Is Vettel the new Schumacher? Seems only weeks ago we were predicting that about Hamilton. Or Kubica. Or Alonso. What it really brings home is just how good a line-up of drivers we have in F1 now, and how any of them can – and do – win at any race. Exciting times in the sport!

Well, when the stewards can keep their noses out of it. Fortunately there were no controversial decisions this week, although Massa was ordered to give a place back to Nick Heidfeld after overtaking through a chicane, and everyone was desperately jumpy throughout about whether or not they had cut a corner by an inch too far. It was a faintly ludicrous undercurrent, but fortunately it was just background noise to an otherwise excellent race, that saw more overtaking moves pulled off in one afternoon than most F1 seasons can manage all year.

There were incidents galore, too many to catalogue sensibly here, but remarkably few serious incidents. Fisichella was the only retirement, crashing at the Parabolica after breaking his front wing on the rear of David Coulthard’s Red Bull and then sledging off the circuit when the wing folded up under his car. Coulthard himself later tangled with Kazuki Nakajima and tapped the Williams into a slide, during which Kazuki Nakajima shattered the Red Bull’s front wing, scattering debris all over the track in the closing laps and necessitating an emergency pit stop.

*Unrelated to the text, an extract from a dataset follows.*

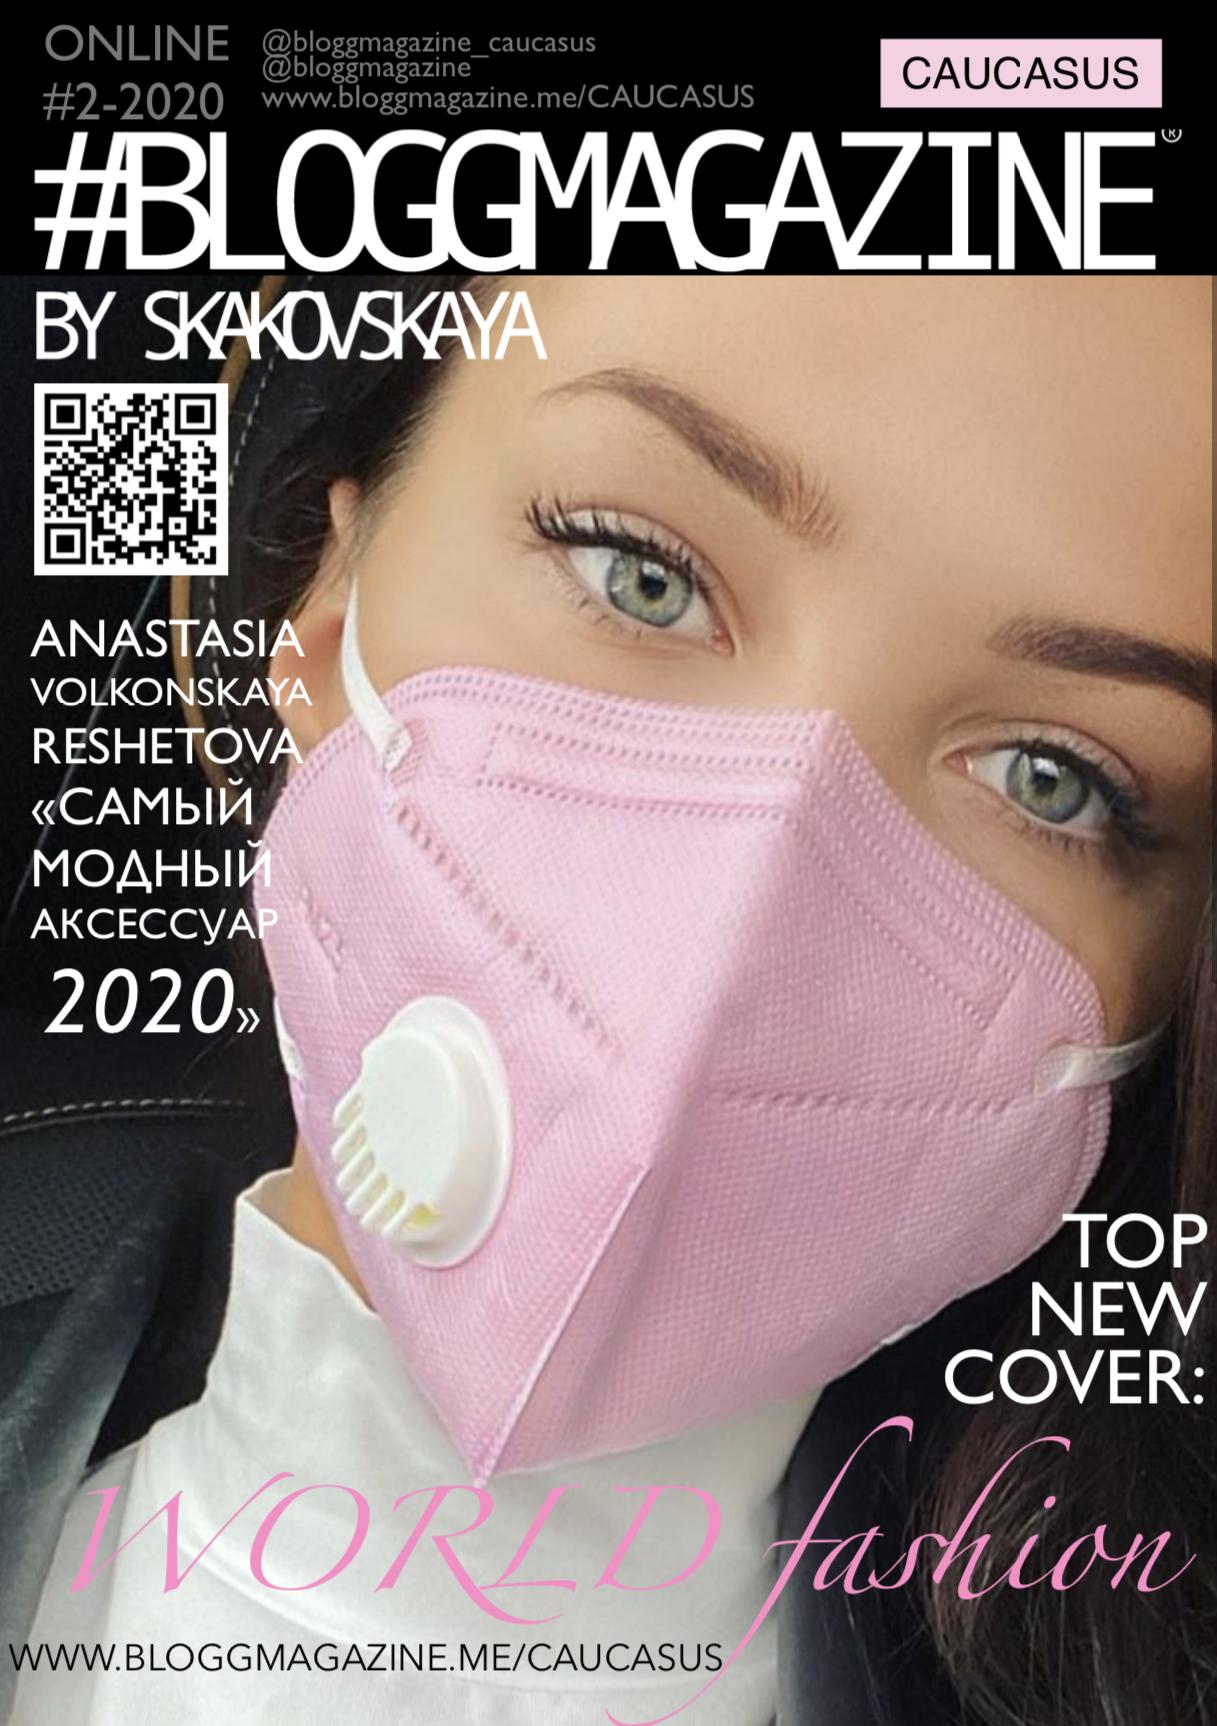 bloggmagazine_caucasus_online_reshetova_

But really, this was a fantastic race. If we only find a way of holding every race in the rain, and mixing up the grid, and stopping the stewards from lousing things up – then Formula 1 would be a very, very happy sport indeed.

(Oh – the long-range forecast for the next race in Singapore in two weeks is 60% chance of rain. For a night race. Under floodlights. On a brand new circuit. Now tell me that doesn’t sound like a classic in the offing?)

The Italian Grand Prix
Autodromo di Monza, Italy;
53 laps; 306.720km;
Weather: Wet.
Pos  Driver        Team                      Time
 1.  Vettel        Toro Rosso-Ferrari    (B)  1h26:47.000
 2.  Kovalainen    McLaren-Mercedes      (B)  +    12.512
 3.  Kubica        BMW Sauber            (B)  +    20.471
 4.  Alonso        Renault               (B)  +    23.903
 5.  Heidfeld      BMW Sauber            (B)  +    27.748
 6.  Massa         Ferrari               (B)  +    28.816
 7.  Hamilton      McLaren-Mercedes      (B)  +    29.012
 8.  Webber        Red Bull-Renault      (B)  +    32.048
 9.  Raikkonen     Ferrari               (B)  +    39.468
10.  Piquet        Renault               (B)  +    54.445
11.  Glock         Toyota                (B)  +    58.888
12.  Nakajima      Williams-Toyota       (B)  +  1:02.015
13.  Trulli        Toyota                (B)  +  1:05.954
14.  Rosberg       Williams-Toyota       (B)  +  1:08.635
15.  Button        Honda                 (B)  +  1:13.370
16.  Coulthard     Red Bull-Renault      (B)  +     1 lap
17.  Barrichello   Honda                 (B)  +     1 lap
18.  Bourdais      Toro Rosso-Ferrari    (B)  +     1 lap
19.  Sutil         Force India-Ferrari   (B)  +    2 laps
Fastest lap: Raikkonen, 1:28.047
Not classified/retirements:
Driver        Team                      On lap
Fisichella    Force India-Ferrari   (B)    12
World Championship standings, round 14:
Drivers:                    Constructors:
1.  Hamilton      78        1.  Ferrari               134
2.  Massa         77        2.  McLaren-Mercedes      129
3.  Kubica        64        3.  BMW Sauber            117
4.  Raikkonen     57        4.  Renault                41
5.  Heidfeld      53        5.  Toyota                 41
6.  Kovalainen    51        6.  Toro Rosso-Ferrari     27
7.  Alonso        28        7.  Red Bull-Renault       26
8.  Trulli        26        8.  Williams-Toyota        17
9.  Vettel        23        9.  Honda                  14
10.  Webber        20
11.  Glock         15
12.  Piquet        13
13.  Barrichello   11
14.  Rosberg        9
15.  Nakajima       8
16.  Coulthard      6
17.  Bourdais       4
18.  Button         3

  1. Nice summary. Very thorough. The move Hamilton made on Webber was carbon copy what Schumacher used to do – he even did it to his own brother, I think at this same track. Let’s not forget this “blocking” behaviour was illegal until the FIA allowed Schumacher to get away with it. The new chicane rule will also reduce overtaking, as I said in my blog. IT certainly allowed Hamilton to catch Massa more quickly at Curva Grande…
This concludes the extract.